Media remodeling – the result of stent induced media necrosis and repair

Background: Stents have been introduced clinically to help maintaining the patency of the vascular lumen after balloon angioplasty. To ensure a sufficient lumen of the stented vessel, oversized stents are frequently used. However especially deployment of oversized stents may lead to mechanical injury of the intima and media of the vessel wall. The aim of the study was to characterize the vascular lesions and repair processes within the first 4 weeks after implantation of oversized stents in the rabbit carotid artery and thereby contribute to the understanding of vascular remodeling during stent implantation.
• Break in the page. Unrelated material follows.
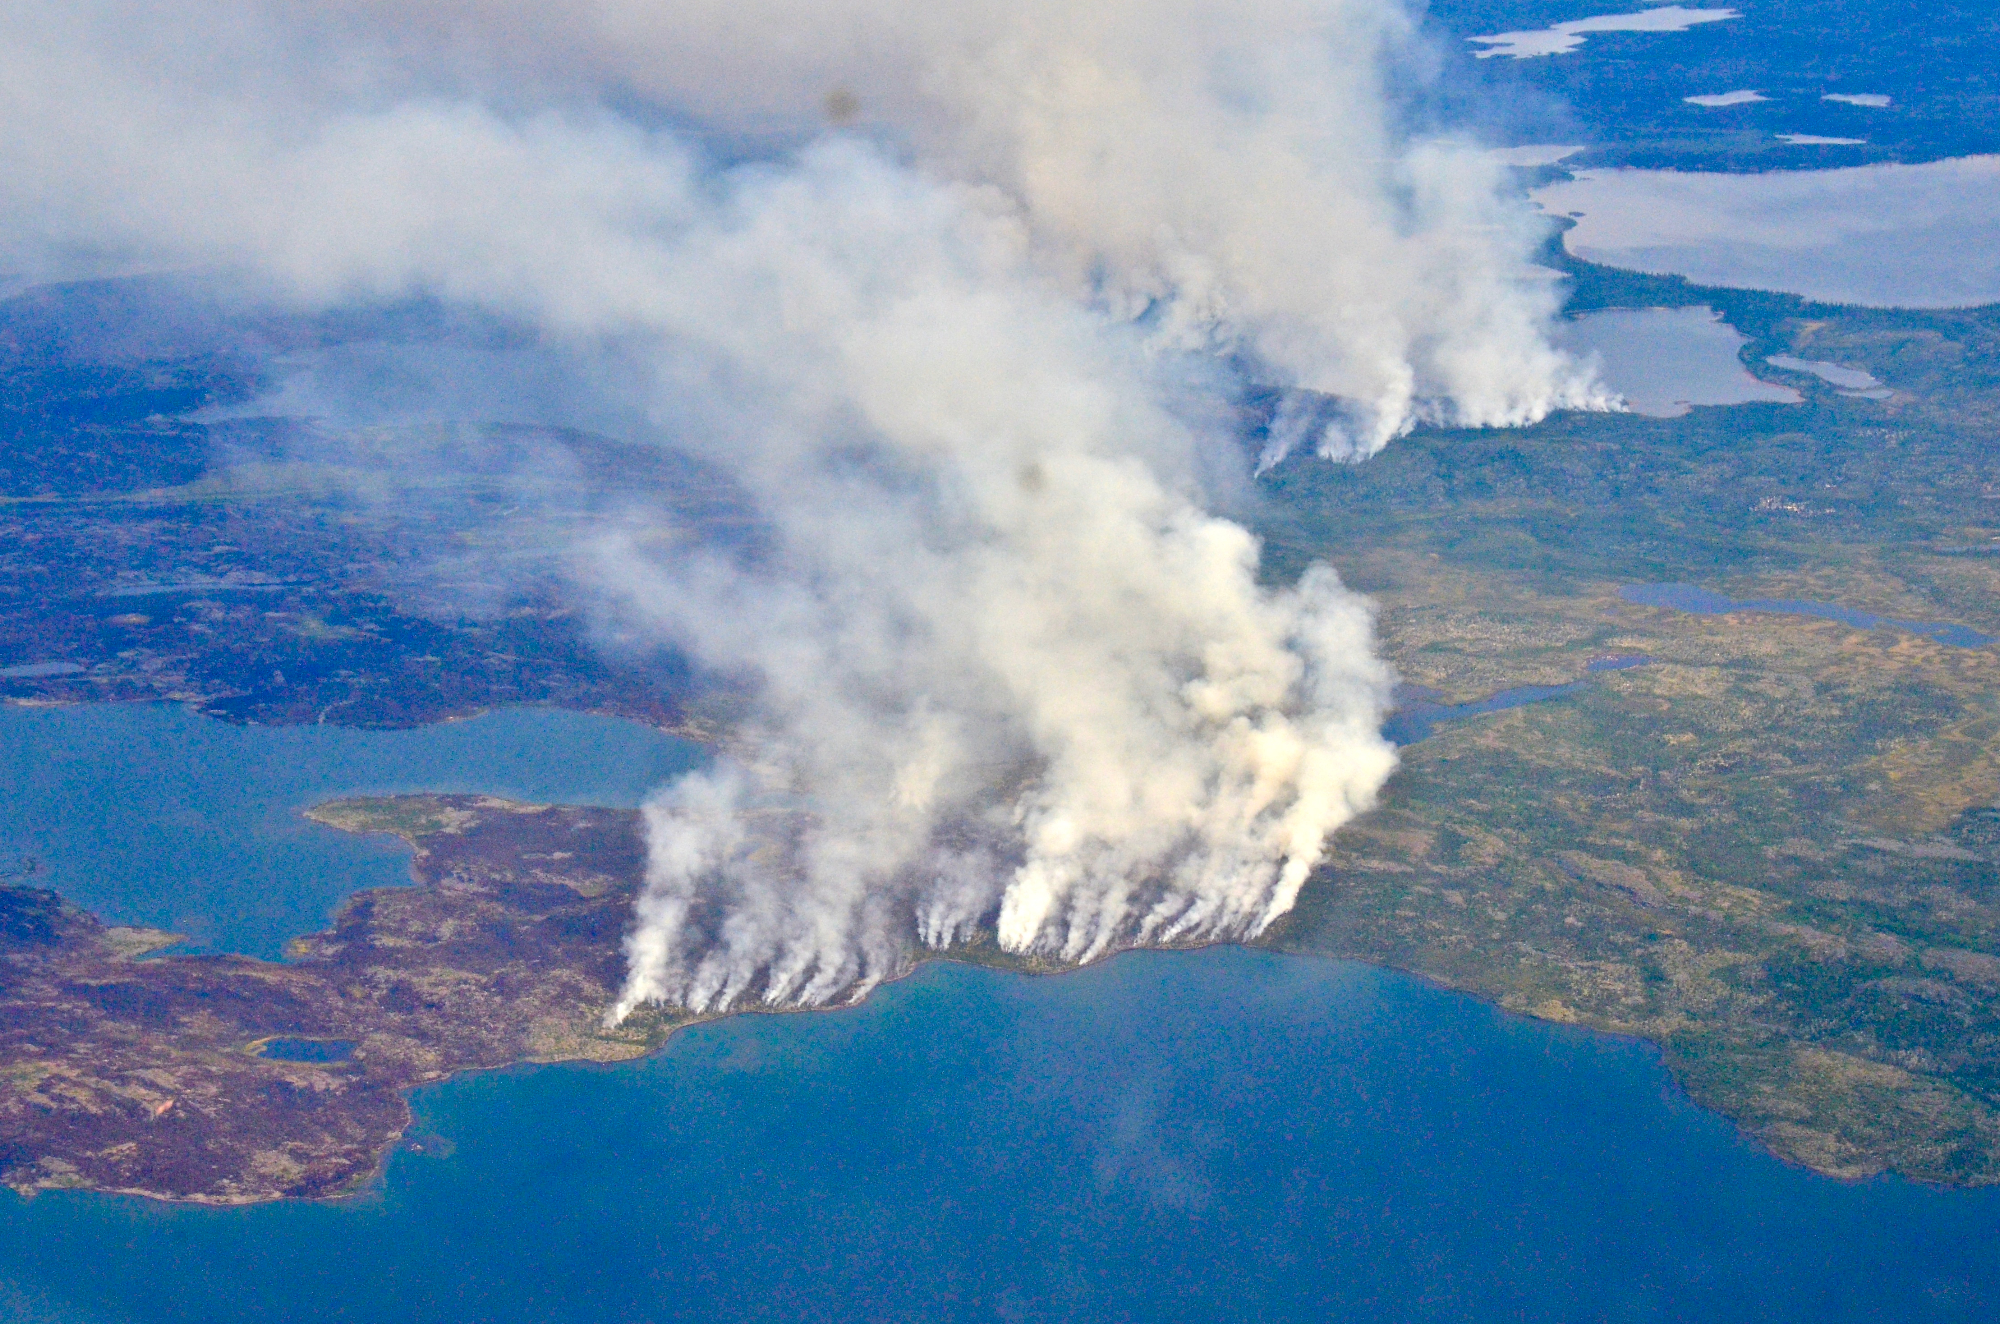 Large smoke plumes drift over land and ocean.

Methods: Oversized stents were implanted in the carotid artery of Chinchilla rabbits. Rabbits were sacrificed 3, 7, 14, and 28 days after stent implantation and a detailed histologic and immunohistochemical analysis was performed. Results: The carotid artery was expanded by a factor of 1.3–1.5, leading to a constant dilatation of the vessel. The struts were deeply impressed in the vessel wall, resulting in a disruption of the intima, thrombus formation, media compression and segmental media necrosis. The necrotic media was repopulated by smooth muscle cells by day 7. In contrast to the intima lesions, necrotic areas of the media were not invaded by an inflammatory infiltrate. Formation of neointima, characterized by a confluent layer of endothelial cells and deposition collagen fibers started in close vicinity of the struts. Conclusions: Being part of a high-pressure system, the arterial vessel apparently adapts to constant dilatation. Deployment of oversized stents caused intima disruption, media necrosis of varying degree and constant dilatation of the vessel wall. Necrosis and repopulation of smooth muscle cells of the media took place within the first 4 weeks, leading to the speculation whether the repopulating SMC are more resistant to the constant pressure.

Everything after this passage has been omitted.